29 August 2008

OnurAir - Havalanması En Zor Şirket


Bugünün konsepti havayolu şirketleri ile olan kötü anılarım değildi halbuki ama şu ana kadar OnurAir ile hiç vaktinde uçamamış bir insan olarak, şu anda isyan ediyorum..

Az önce 10.30'da kalkması gereken uçağı bekleme salonunda beklerken, 10.33'de uçağın 45 dakika gecikmeli, sonra da uçağın 1 saat gecikmeli olmasının açıklanmasıyla saldırganlaşmış bir insanım...

Bugün hayata geçireceğim tüm işlerin organizasyonunu alt üst etmenin, dayanılmaz hafifliği ile uçağa bindiğimiz zaman "kusura bakmayın; operasyonel nedenlerden geç kalktık" gibi basit bir açıklama içinden sıyrılacaklar..

Benim yaşanan bu gecikmelerden olan mağduriyetimi bildirebileceğim; bunun telafisini isteyeceğim bir yer yok mu? Nasıl ticaret bu?

Normalde, bilet rezervasyonu geç iptal ettiğimde maddi açıdan cezalandırılırken, beni geç bilgilendiren; zaman ve enerji; iş kaybına sebep olan şirketi ben neden cezalandıramıyorum.. Anlamıyorum..

Anlayacağınız çok kızgınım.. Saygısız ; özensiz; acemi ve turkish buluyorum

Not: Neden OnurAir kullanıyorsun derseniz, uçak saatleri başka da bir nedeni yok..

Turkish Vey


Hani online bankacılık; online satış şirket masraflarını düşürür ya...

Düşürür ama , eğer online gerçekleştirdiğiniz rezervasyonlara ancak bir saat tanır; call center'la gerçekleştirdiğiniz rezervasyonları 1 gün sonraya kadar tutarsanız ; sizin masraflar nedense bir türlüü düşmez..

28 August 2008

Tema Vakfı 2B İmza Kampanyası


Tema Vakfının kampanyasına sonuna kadar katılıyorum.. Lütfen sizde katılın!!!

Daha önce "Green Marketing" konusunda çok yüzeysel hareket ettiklerini düşündüğüm markalar konusunda da; bu duyuruyu yeşilci herhangi bir marka tarafından değil, bir arkadaşımdan öğrenmemle yanılmadığını görüyorum

21 August 2008

Pulse Smartpen


Gördüğüm en harika şeylerden biri sanırım Smartpen.. Bir kaç yıl içinde, belki de çok sıradan gelecek olsa da, şu an için herkesle paylaşma ve kullanma isteği içindeyim..

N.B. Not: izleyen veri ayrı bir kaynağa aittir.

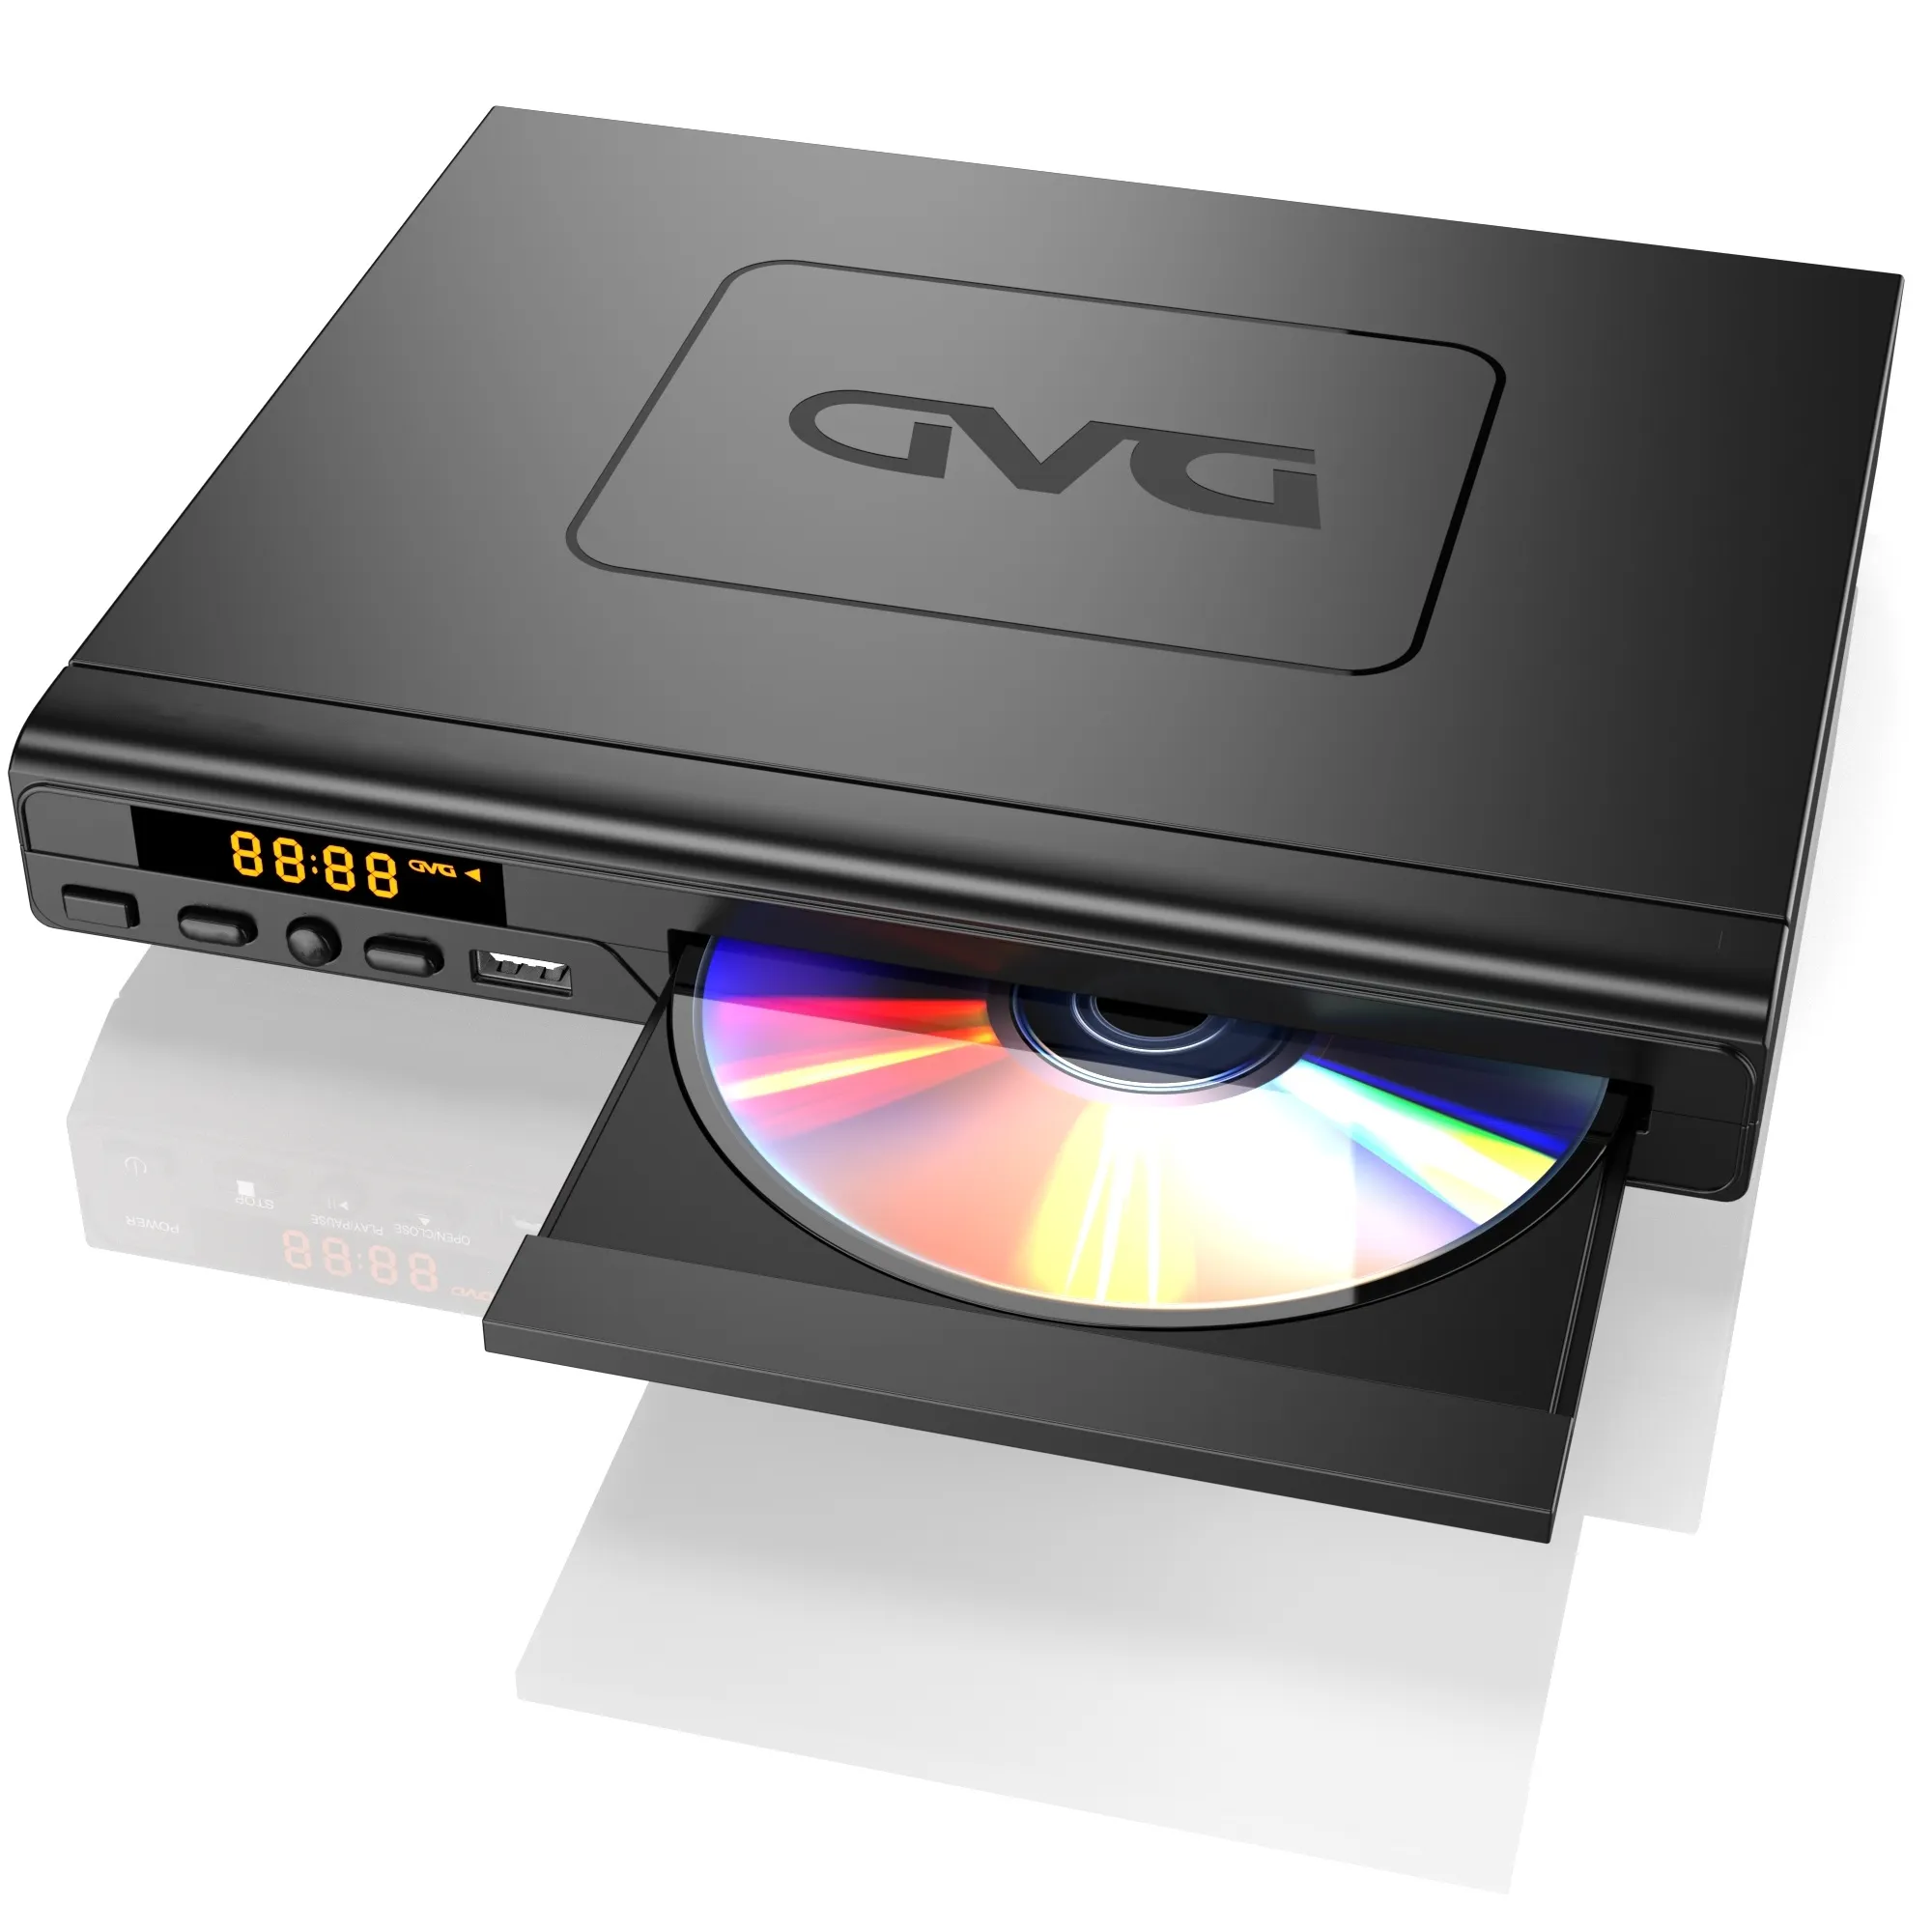 เครื่องเล่น DVD แบบ Full HD Zone เครื่องเล่น DVD/CD พร้อมช่องเสียบ USB และรีโมทคอนโทรล
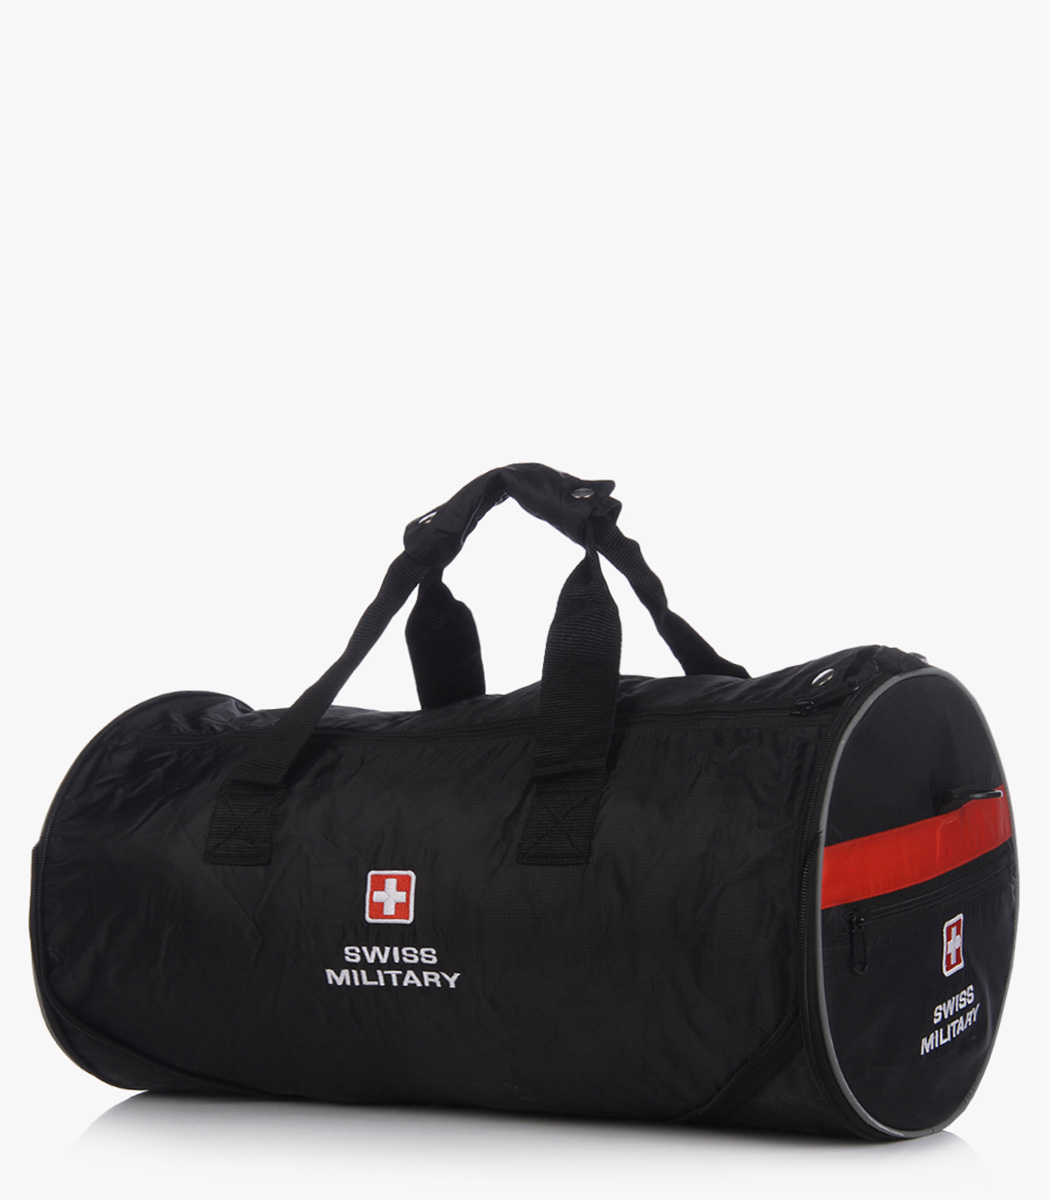 Messenger bag, Foldable Bag, Gym bag

Smartpen, not tuttuğunuz esnada konuşulanları kayıt ediyor. Daha sonra yazının üzerine geldiğiniz zaman, o esnada anlatılanlara geri dönüyor, notlarınızı bilgisayara akatarabiliyor, notlarınız içerisinde arama yapmanızı sağlıyor..

Web sitesindeki video'yu izlemenizi şiddetle öneririm + ilginiz hala uyanıksa ABC'deki haberleri izleyebilirsiniz.

20 August 2008

Bu Siteye Erişim Kendi Kararıyla Engellenmiştir


Dijital iletişimin engellenemezliğini anlamayan gelenekçi kurumlara cevaben yapılmış en güzel kampanyaydı sanırım bu.. Zargan'a girerken; "nee kapatılmış mı" diye şaşırdığım ama işin acıklısı bunu gerçek zannedebilecek kadar site kapatılma durumlarına aşina bir kafa buldum karşımda..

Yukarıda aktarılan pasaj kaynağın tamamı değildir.